Frey sued Miller, a practicing physician, for damages alleged to have been caused by malpractice in setting and treating a broken arm of the plaintiff. He recovered a judgment and Miller prosecutes these proceedings in error. Of the numerous errors assigned we shall consider only two. The plaintiff, prior to the trial, took the deposition of G. A. Hollem. Before the trial the defendant moved to suppress this deposition on the ground that the name of the witness was not stated in the notice. This motion was overruled and the defendant excepted. When the deposition was offered in evidence he again objected on the same ground. The objection was overruled and he again excepted.
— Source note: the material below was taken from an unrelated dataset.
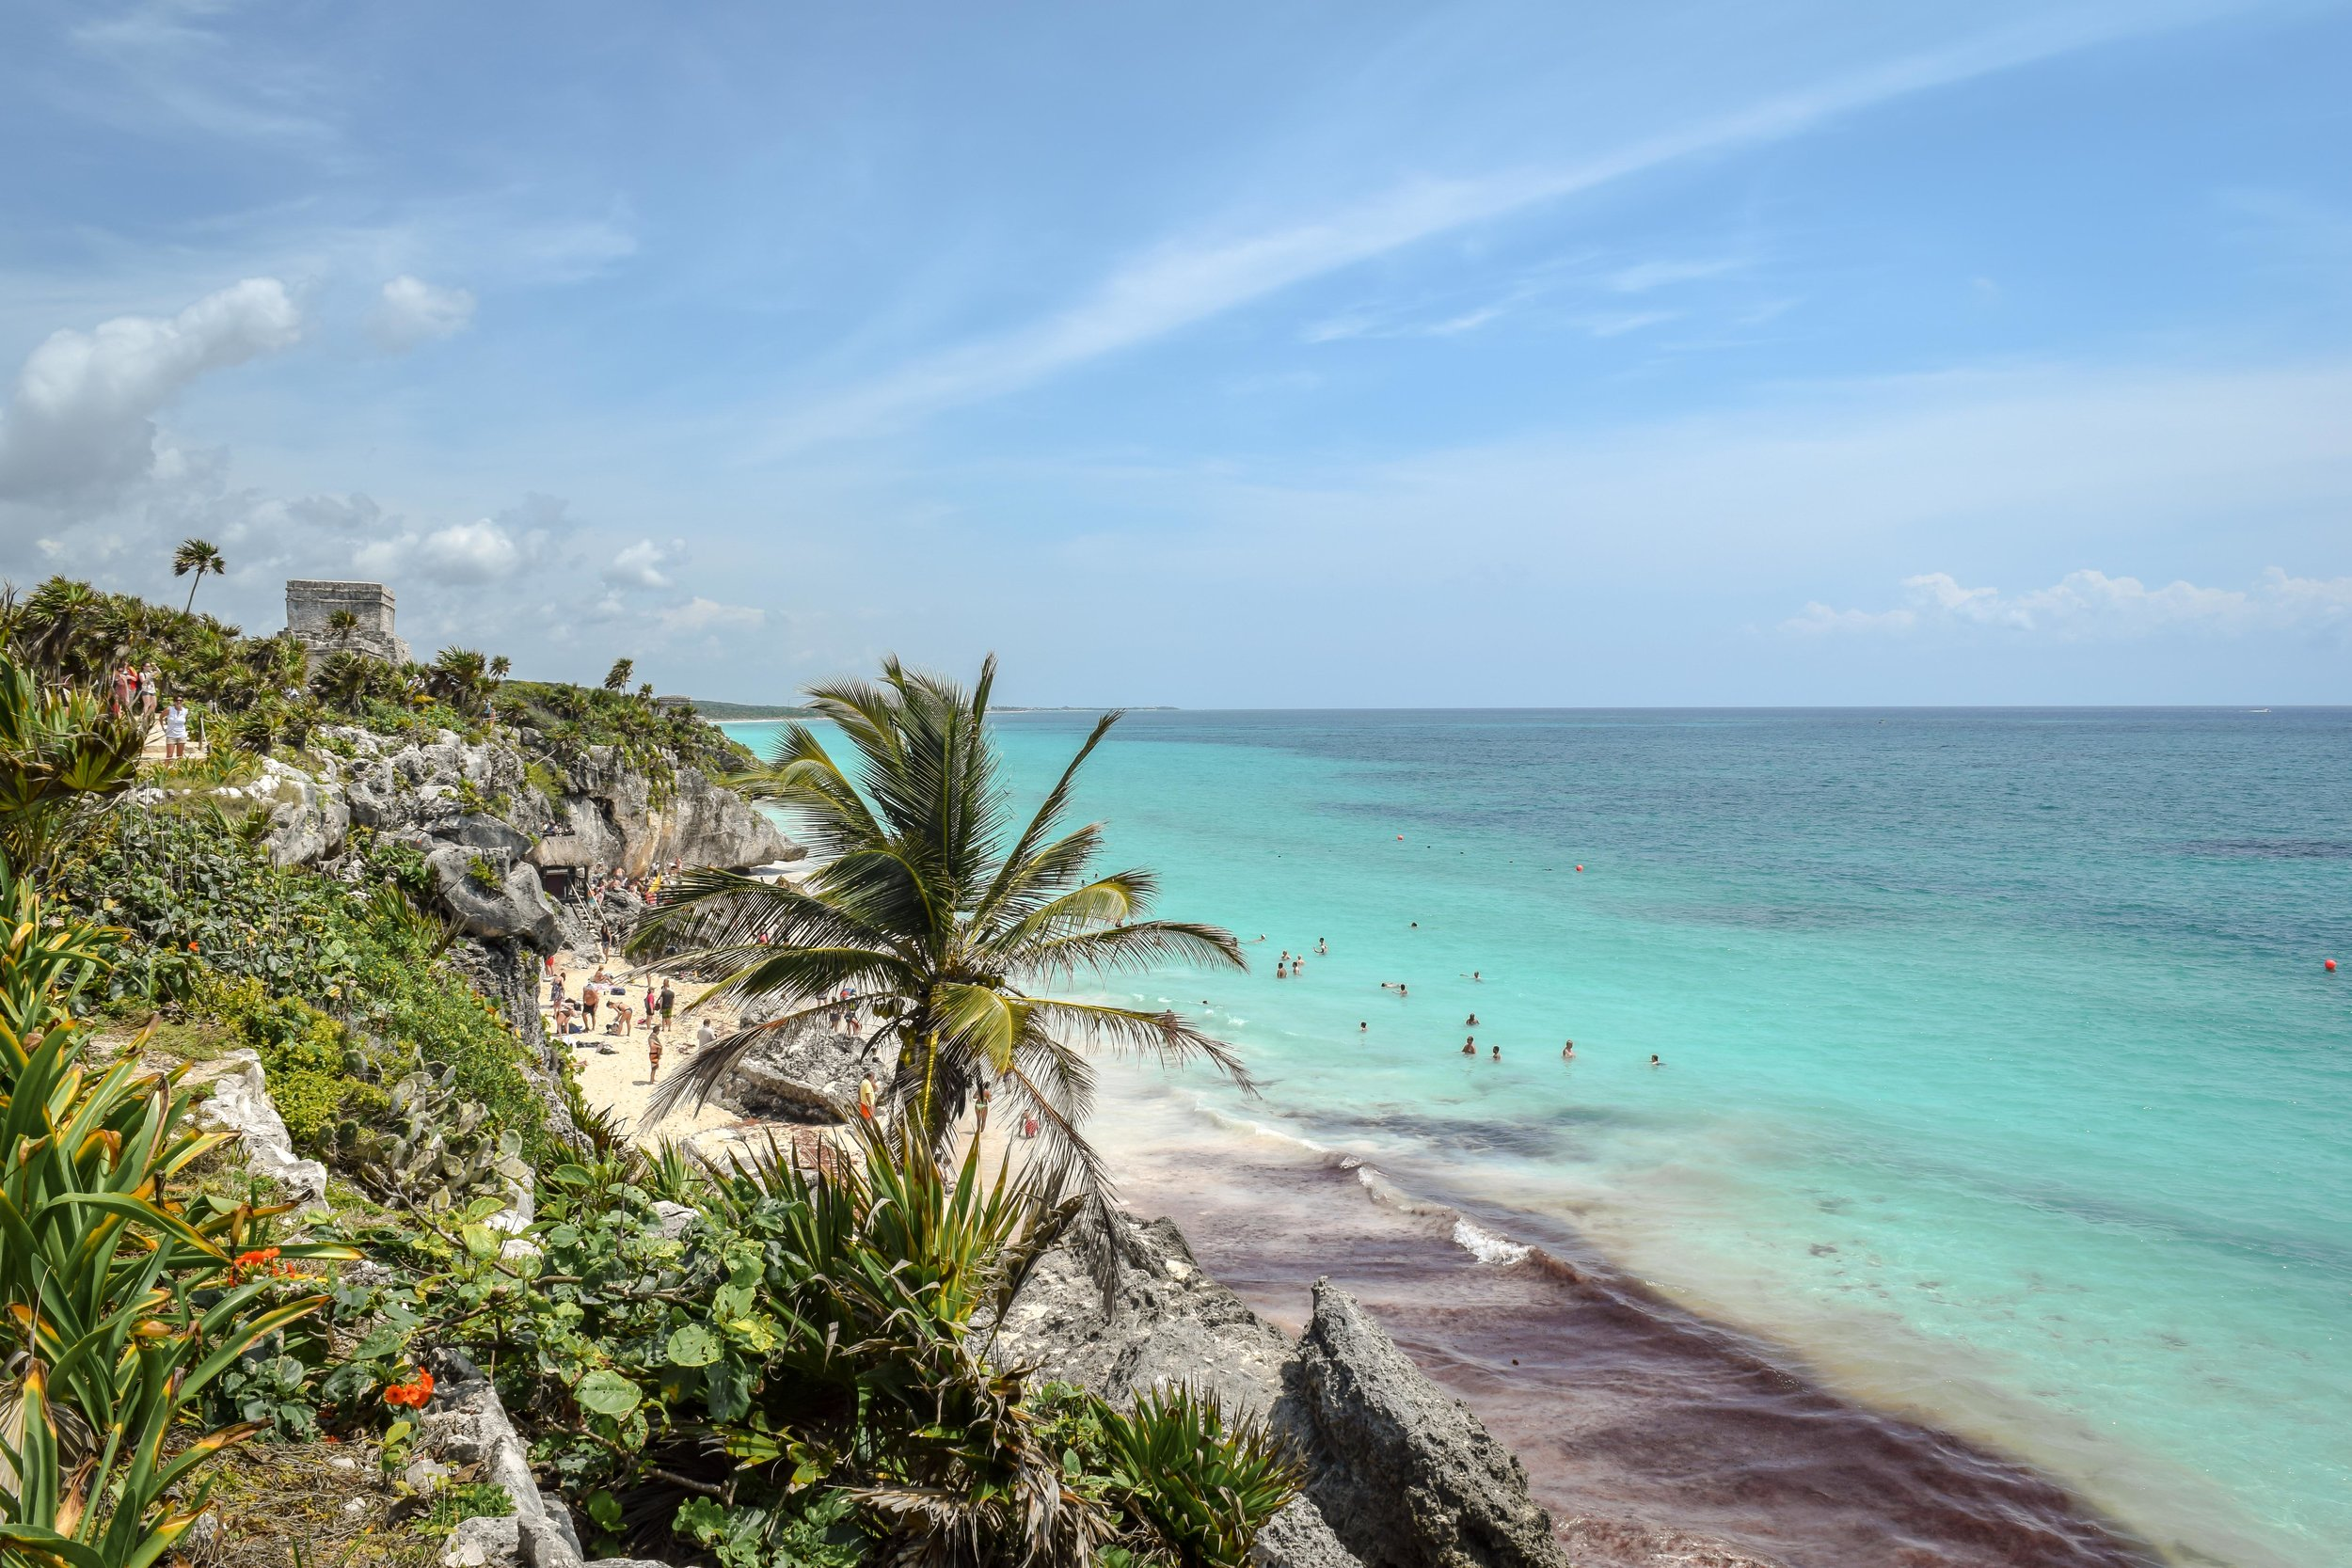 Tulum and the turquoise Caribbean coastline

Section 378 of the Code of Civil Procedure provides, among other things, that a notice to take depositions shall “specify the names of the witnesses to be examined.” The notice in this case was that on a day named, and at a place specified, the plaintiff would take the depositions of “D. M. Frey and Gus Hahn,” or “Gus Halin.” From the transcript before us it is somewhat difficult to decipher- the name, but it is plainly not G. A. Hollem, whose deposition was taken, or anything which could be considered idem sonans with that name. We do not hold that in the notice to take a deposition the name of the witness must be stated with orthographical accuracy; but the rule of idem sonans applied in’other departments of the law should prevail, and there was certainly nothing in the notice served to apprise the defendant that it was the intention to take the deposition of G. A. Hollem, either by a correct writing of that name or by the use of letters indicating a name hav*474ing the same or similar pronunciation. The motion to suppress the deposition should have been sustained.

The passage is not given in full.